*** Opening Information supplied ***

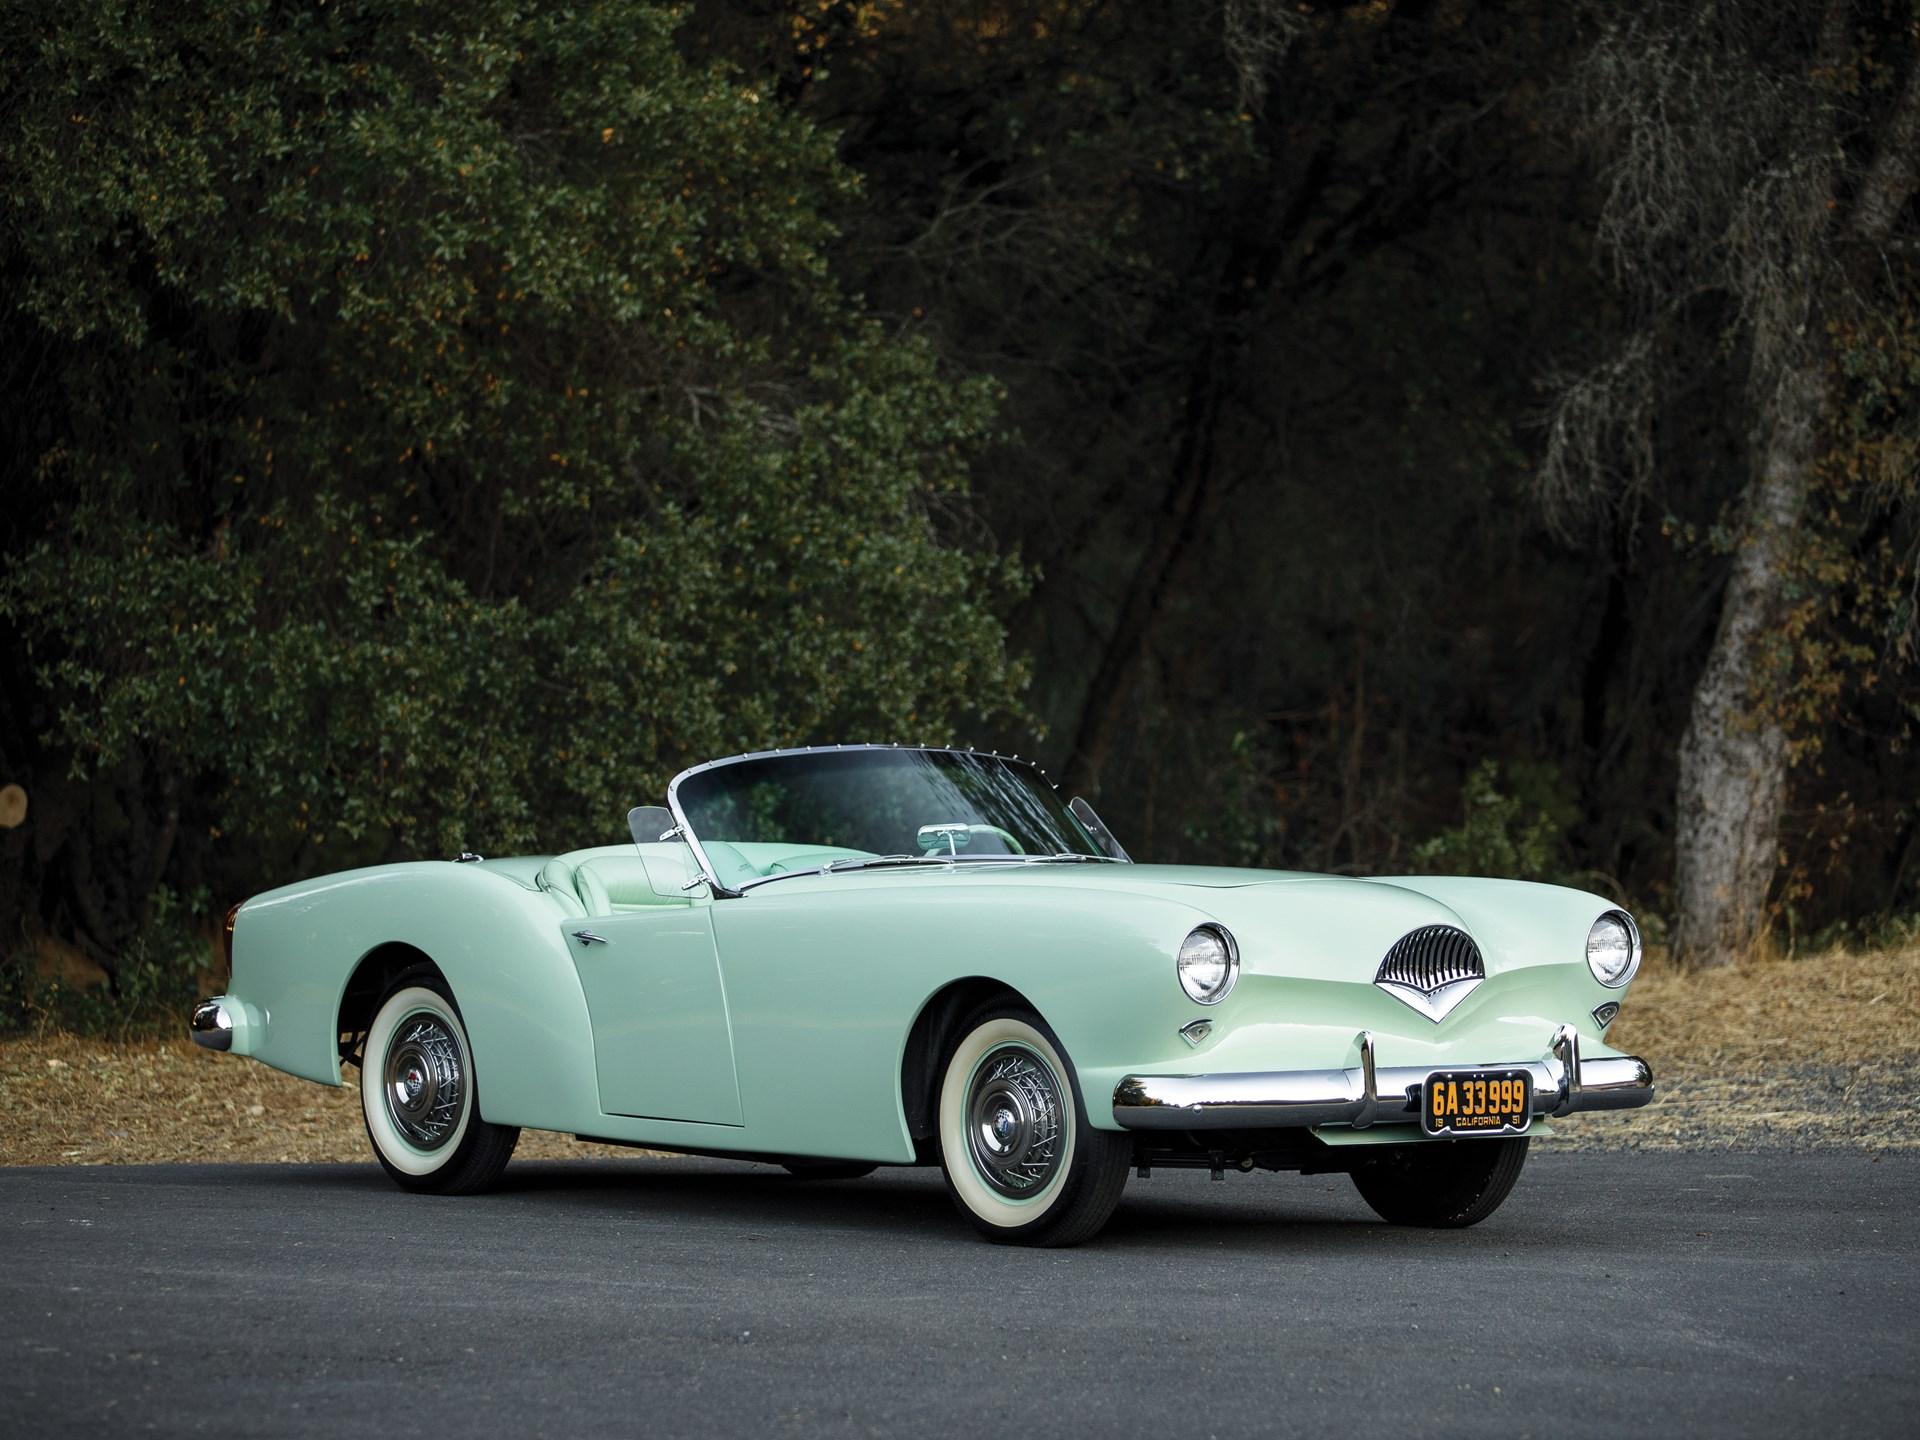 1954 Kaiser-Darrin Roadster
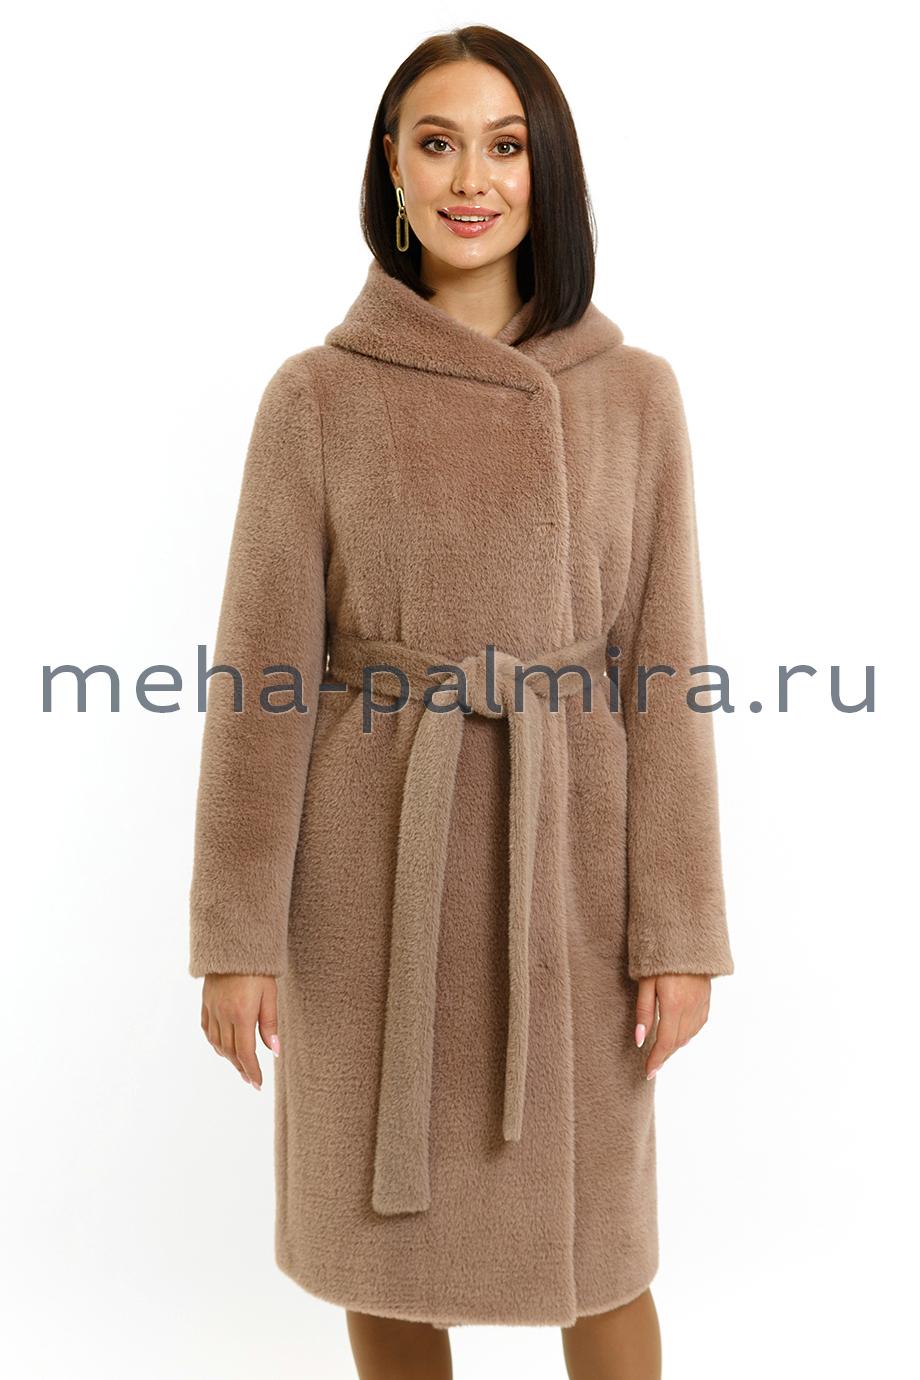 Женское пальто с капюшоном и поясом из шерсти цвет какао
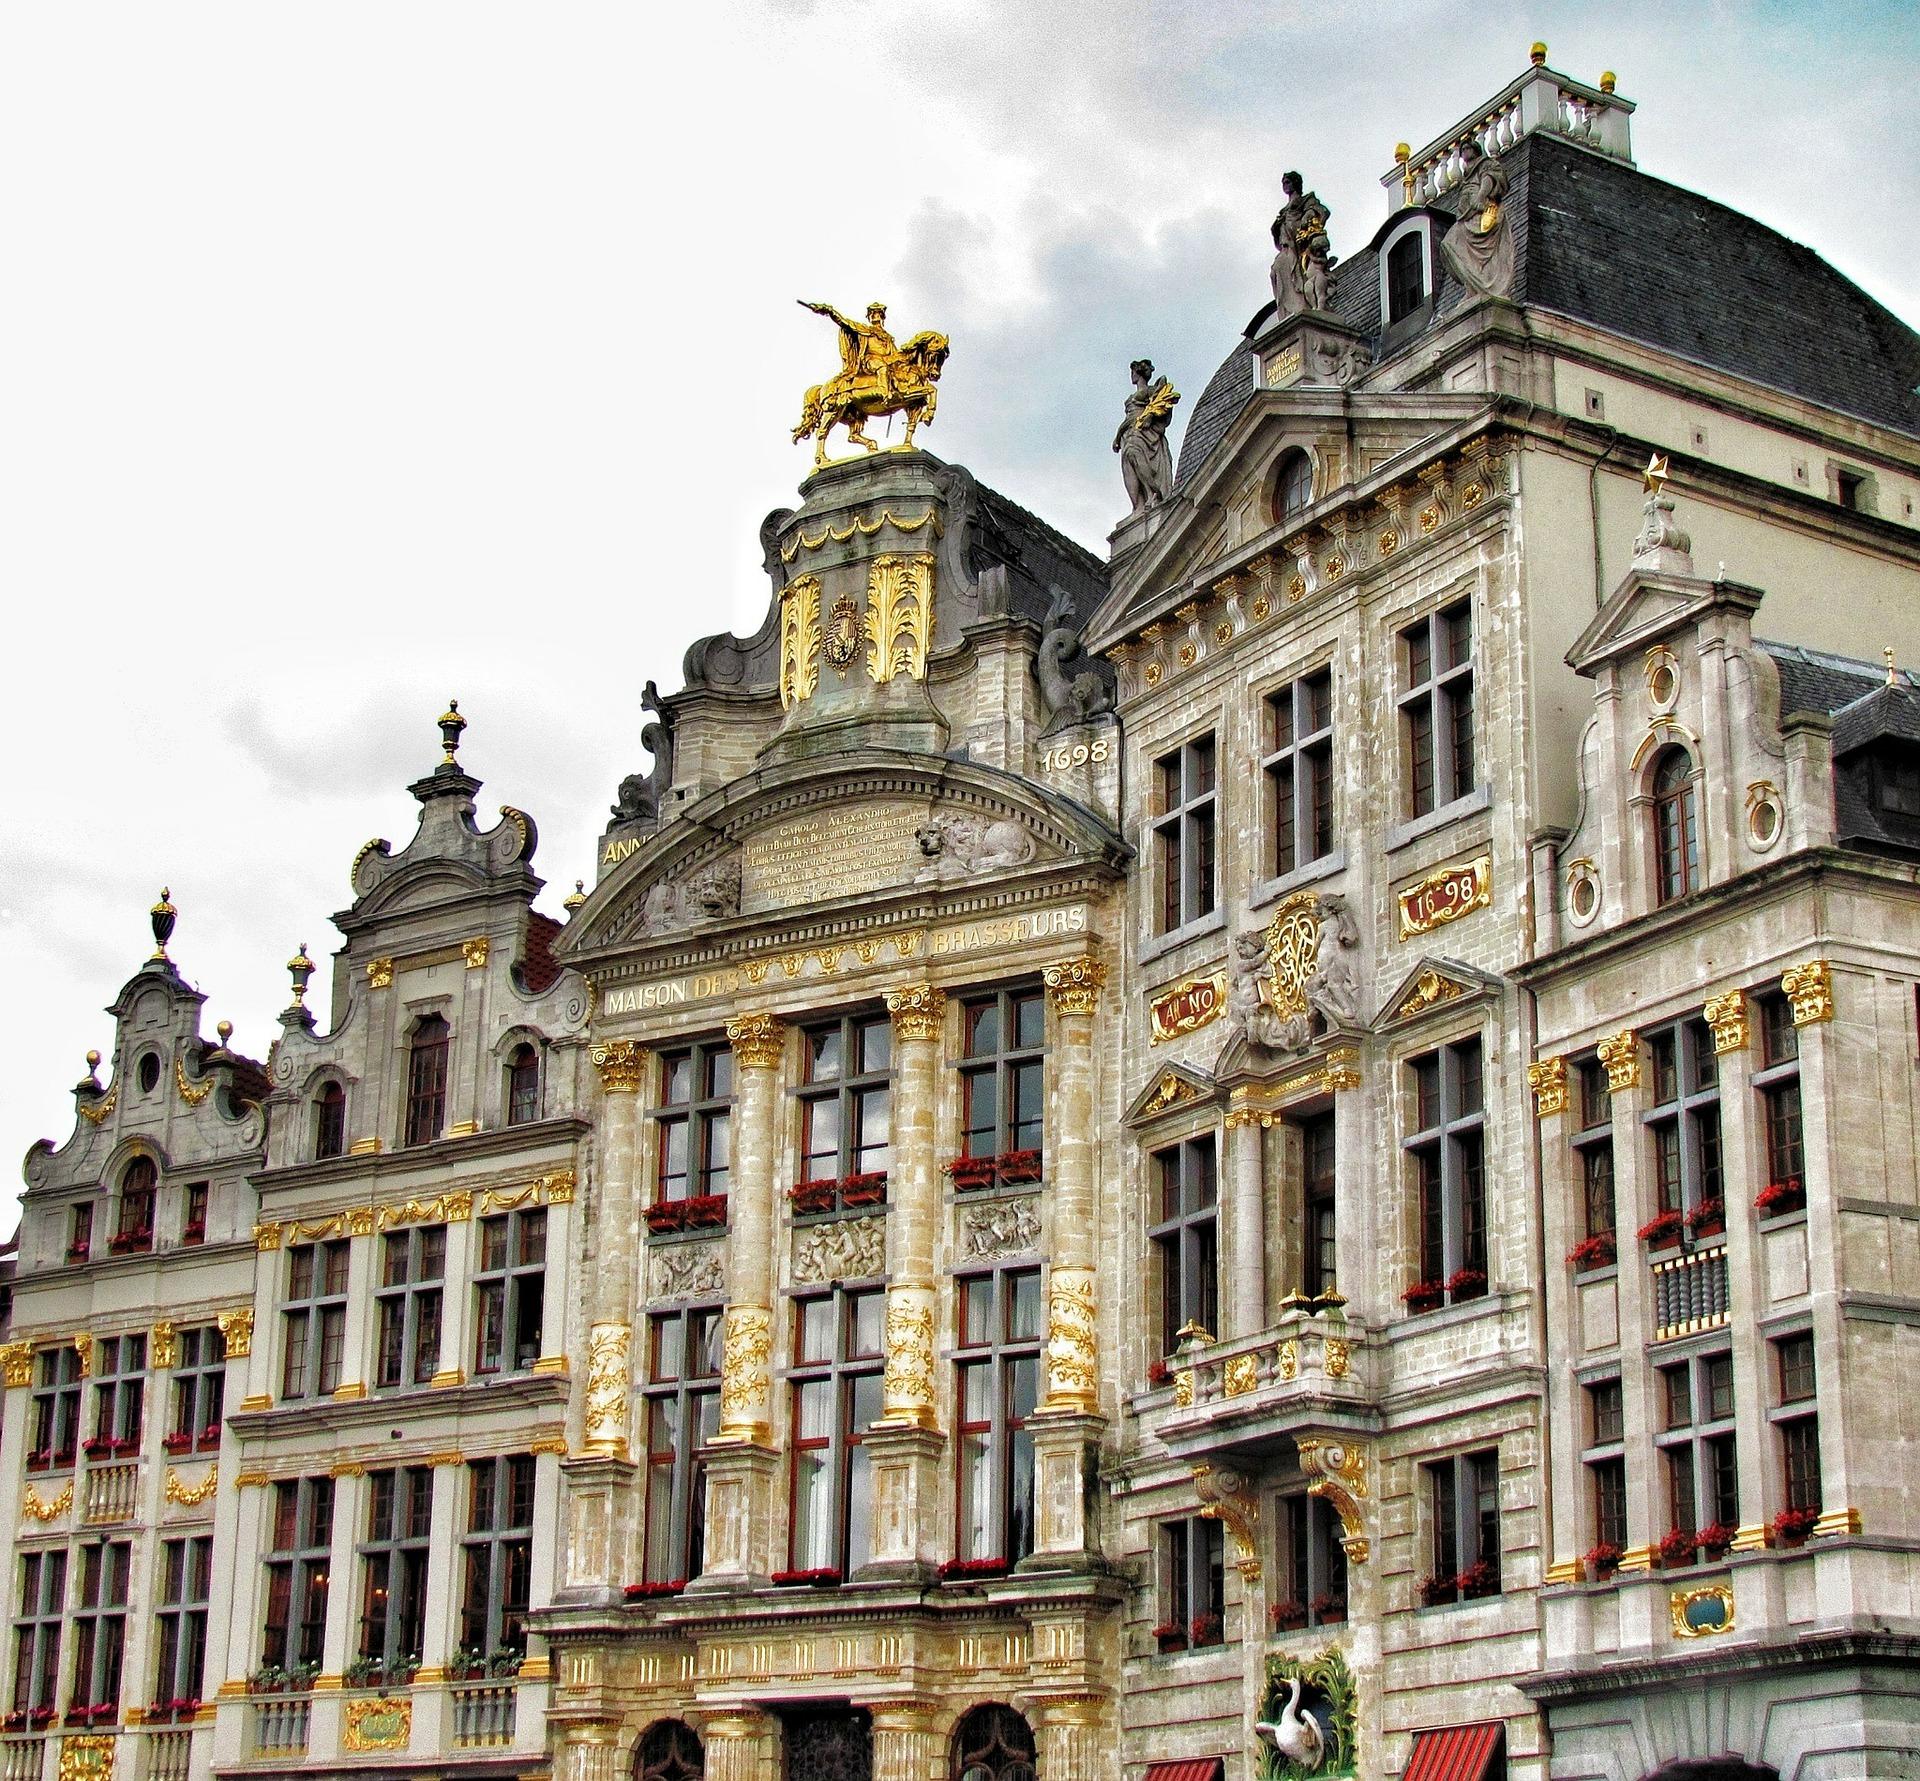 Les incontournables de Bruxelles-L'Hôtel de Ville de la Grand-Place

*** Closing Information supplied ***

__Directions__: Could you transcribe all of the data exactly and omit the pictures?

__Answer box__:
 1954 Kaiser-Darrin Roadster
 Женское пальто с капюшоном и поясом из шерсти цвет какао
 Les incontournables de Bruxelles-L'Hôtel de Ville de la Grand-Place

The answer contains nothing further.